Impact Art AT 2022 is a creative exchange that utilizes community-driven digital and new media art projects to explore and address the social challenge of bias in artificial intelligence.

Lead Artist

Claudia Larcher headshot

Claudia Larcher

Claudia Larcher was born in Bregenz, Austria. She lives and works in Vienna, Austria. She is a visual artist with a focus in (site specific) video animation, collage, photography and installation. From 2001 to 2008 she studied « Transmedia Art » at the University of Applied Arts in Vienna. Since 2005 she has participated in various group exhibitions and festivals in Austria and abroad and presented her work in solo and group exhibitions: f.e. Tokyo Wonder Site Japan, Slought Foundation Philadelphia, Weimar Art Festival, Centre Pompidou Paris, Museum of Contemporary Art/ Roskilde, steirischer Herbst in Graz, Manifesta 13 and Anthology Film Archives in NYC.

Artist Talk with Patrícia

Impact Art AT launched with a conversation between Patrícia and ZERO1 Executive Director Shamsher Virk at Ars Electronica Festival Online 2021.
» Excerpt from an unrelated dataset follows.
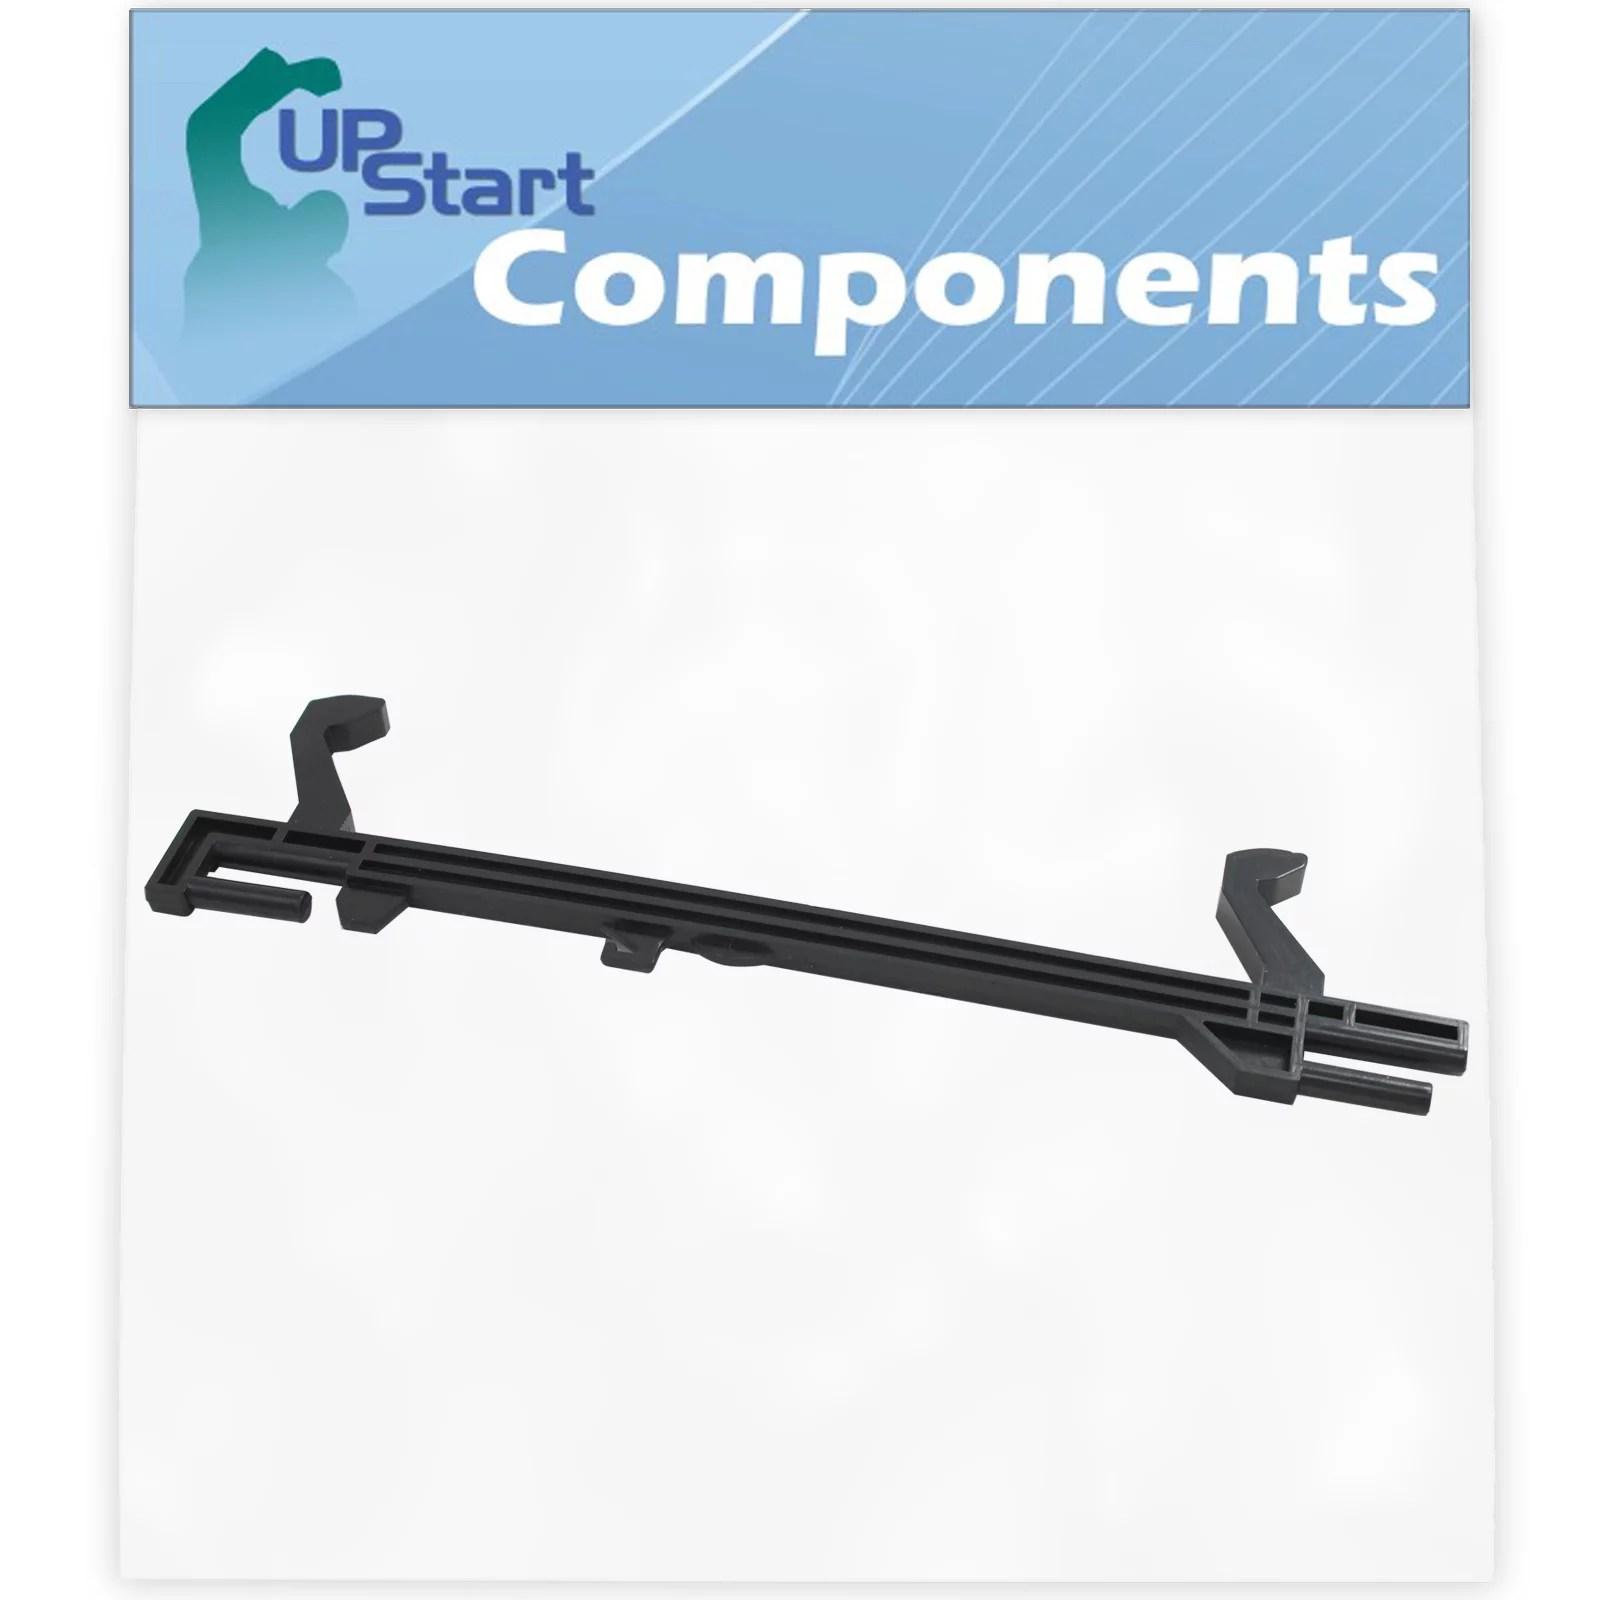 de64 00760a microwave door hooj replacement for samsung me18h704sfs aa 00 compatible with de64 01308a key door latch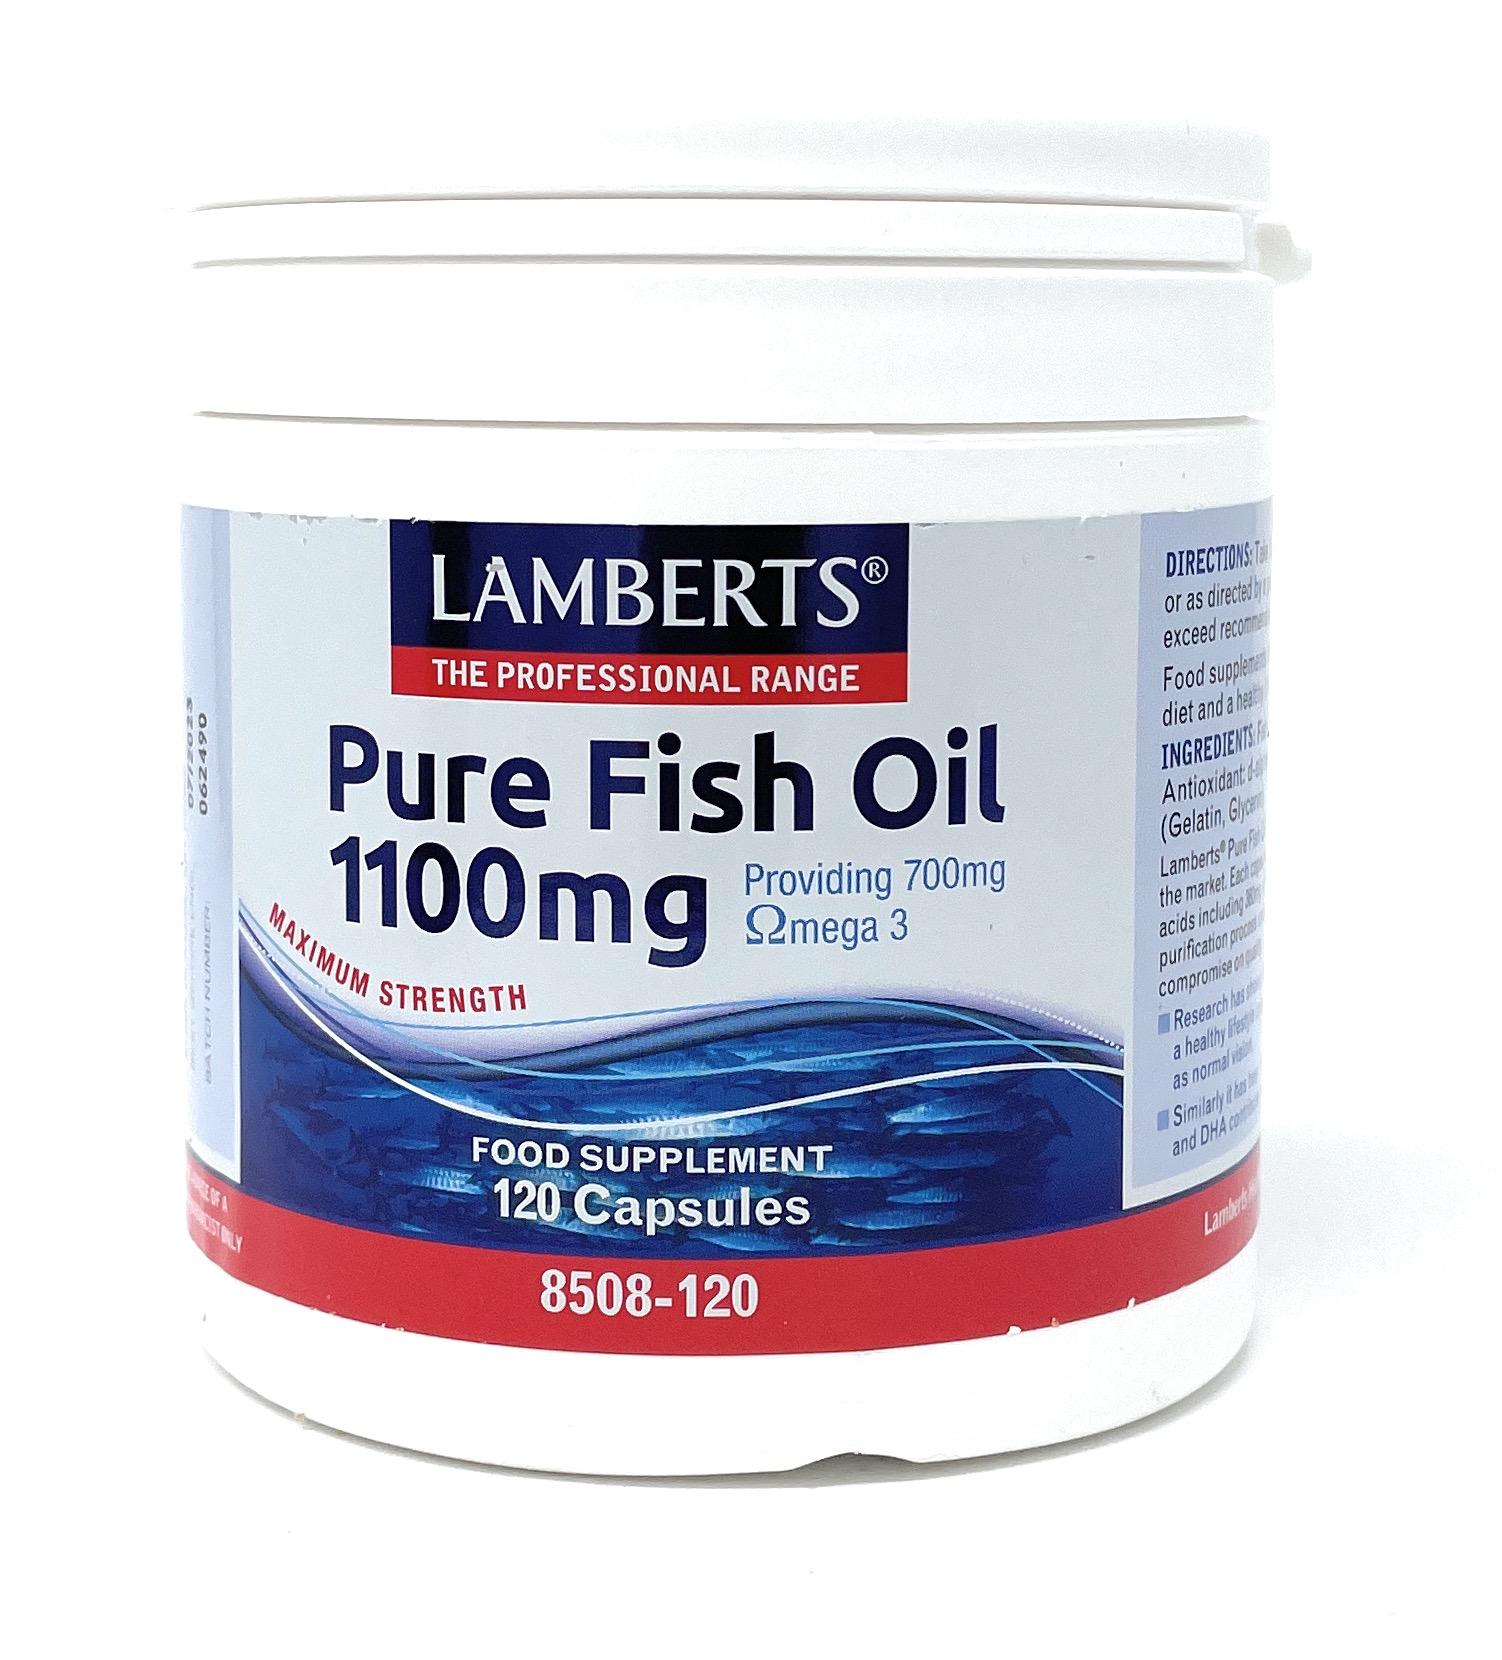 Lamberts Healthcare Ltd. Pure Fish Oil (Fischöl) 1100mg 120 Softgels

The talk introduced the public to Patrícia's creative practice through her works such as BLOW! (2019), Sensorial Screen #2 (2018), and Underneath the Skin Another Skin (2015) which explores audience participation using intimate, haptic approaches and how deconstruction and transfeminist hacking are critical to her process.

Culminating Exhibition

Screenshot of the In Search of Truth virtual exhibition homepage.

 

“In Search of Truth” expresses a collective concern towards an excessive trust, dependency, and reliance on new technologies in the digital age, by tackling some of its troubles — such as the digital self, artificial intelligence, and mobile tracking — or by speculating on “true” presents and futures. The diverse works in this exhibition are works-in-progress, statements, and essays on how truth is perceived differently within distinct contexts and points of view. A common theme that arises is the wish to unravel the truth in solidarity and by enveloping otherness — whether that is through the self-other or collective-other. The new media forms embedded in the diverse artistic projects were selected intentionally by the artists, with deep community-driven awareness, recognizing the impact of the proliferation of technology on human and non-human lives and bodies.

Participating Artists

Headshot of Stephanie Andrews
Stephanie Andrews
Headshot of Jenny E. Balisle
Jenny E. Balisle
Headshot of Sharmi Basu
Sharmi Basu
Headshot of Erik Contreras
Erik Contreras
Headshot of Marlys Mandaville
Marlys Mandaville
Headshot of Avital Meshi
Avital Meshi
Black and white stylized headshot of Parul Wadhwa
Parul Wadhwa

Stephanie Andrews

Stephanie Andrews is an experience designer and creative technologist interested in exploring economies of collectivity, care, and communication.  Her work seeks to respond to emergent issues with levity and sentimentality, primarily taking the form of flux kits, software tools, art games, tactile spaces, and participatory installations.

Stephanie brings to her art practice an interdisciplinary background spanning software engineering, interaction design, public policy, social work, and community organizing.  She specializes in building interactive systems that use digital, physical, and interpersonal mediums to create communal space.  She is currently a resident and instructor at Gray Area.

Jenny E. Balisle

Jenny E. Balisle earned a B.A. in Art and Communication from the University of Wisconsin-Stevens Point and a M.F.A. from the Academy of Art College in San Francisco. Exhibits include the de Young Museum Artist-in-Residence, Orange County Center for Contemporary Art, Chicago Cultural Center, Korean Cultural Center, Harvard University, Farmington Museum, Museu Brasileiro São Paulo, and Shanghai Oil Painting & Sculpture Institute Art Museum.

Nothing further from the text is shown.